* **Work instruction**
Would you repeat exactly the part of the listing below that runs from the line containing "Alabama Quilter Christmas Circle Ornament" down to the line containing "Adidas UEFA VIII", inclusive, and nothing else?

* **Supplied material**

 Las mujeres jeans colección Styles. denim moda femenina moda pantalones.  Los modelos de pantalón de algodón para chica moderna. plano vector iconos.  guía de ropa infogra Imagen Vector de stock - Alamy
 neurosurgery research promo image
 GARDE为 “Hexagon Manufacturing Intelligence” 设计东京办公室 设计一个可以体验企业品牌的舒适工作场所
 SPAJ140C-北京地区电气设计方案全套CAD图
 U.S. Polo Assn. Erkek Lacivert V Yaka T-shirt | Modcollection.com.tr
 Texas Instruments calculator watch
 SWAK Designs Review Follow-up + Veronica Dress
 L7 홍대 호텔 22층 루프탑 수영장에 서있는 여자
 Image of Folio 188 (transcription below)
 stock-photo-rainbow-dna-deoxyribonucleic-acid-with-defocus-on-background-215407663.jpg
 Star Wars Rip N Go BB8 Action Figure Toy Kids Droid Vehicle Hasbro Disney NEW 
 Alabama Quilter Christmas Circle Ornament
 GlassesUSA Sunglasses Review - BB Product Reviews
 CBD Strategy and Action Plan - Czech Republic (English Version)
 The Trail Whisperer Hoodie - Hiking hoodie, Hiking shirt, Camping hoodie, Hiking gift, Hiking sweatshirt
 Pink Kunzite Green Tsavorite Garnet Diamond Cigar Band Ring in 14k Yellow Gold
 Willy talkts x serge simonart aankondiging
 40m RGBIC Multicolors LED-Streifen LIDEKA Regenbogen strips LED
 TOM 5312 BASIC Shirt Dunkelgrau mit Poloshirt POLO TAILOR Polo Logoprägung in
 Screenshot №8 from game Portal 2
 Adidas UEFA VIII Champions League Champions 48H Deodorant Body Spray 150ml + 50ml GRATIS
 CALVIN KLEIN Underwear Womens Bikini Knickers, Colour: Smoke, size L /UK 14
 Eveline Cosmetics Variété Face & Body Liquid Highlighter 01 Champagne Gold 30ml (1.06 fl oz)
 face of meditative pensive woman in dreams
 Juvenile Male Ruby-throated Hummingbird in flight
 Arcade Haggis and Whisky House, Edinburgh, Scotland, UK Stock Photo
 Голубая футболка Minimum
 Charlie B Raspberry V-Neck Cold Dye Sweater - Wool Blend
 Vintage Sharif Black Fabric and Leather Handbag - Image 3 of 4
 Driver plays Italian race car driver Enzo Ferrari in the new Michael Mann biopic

* **The completed task**
 Alabama Quilter Christmas Circle Ornament
 GlassesUSA Sunglasses Review - BB Product Reviews
 CBD Strategy and Action Plan - Czech Republic (English Version)
 The Trail Whisperer Hoodie - Hiking hoodie, Hiking shirt, Camping hoodie, Hiking gift, Hiking sweatshirt
 Pink Kunzite Green Tsavorite Garnet Diamond Cigar Band Ring in 14k Yellow Gold
 Willy talkts x serge simonart aankondiging
 40m RGBIC Multicolors LED-Streifen LIDEKA Regenbogen strips LED
 TOM 5312 BASIC Shirt Dunkelgrau mit Poloshirt POLO TAILOR Polo Logoprägung in
 Screenshot №8 from game Portal 2
 Adidas UEFA VIII Champions League Champions 48H Deodorant Body Spray 150ml + 50ml GRATIS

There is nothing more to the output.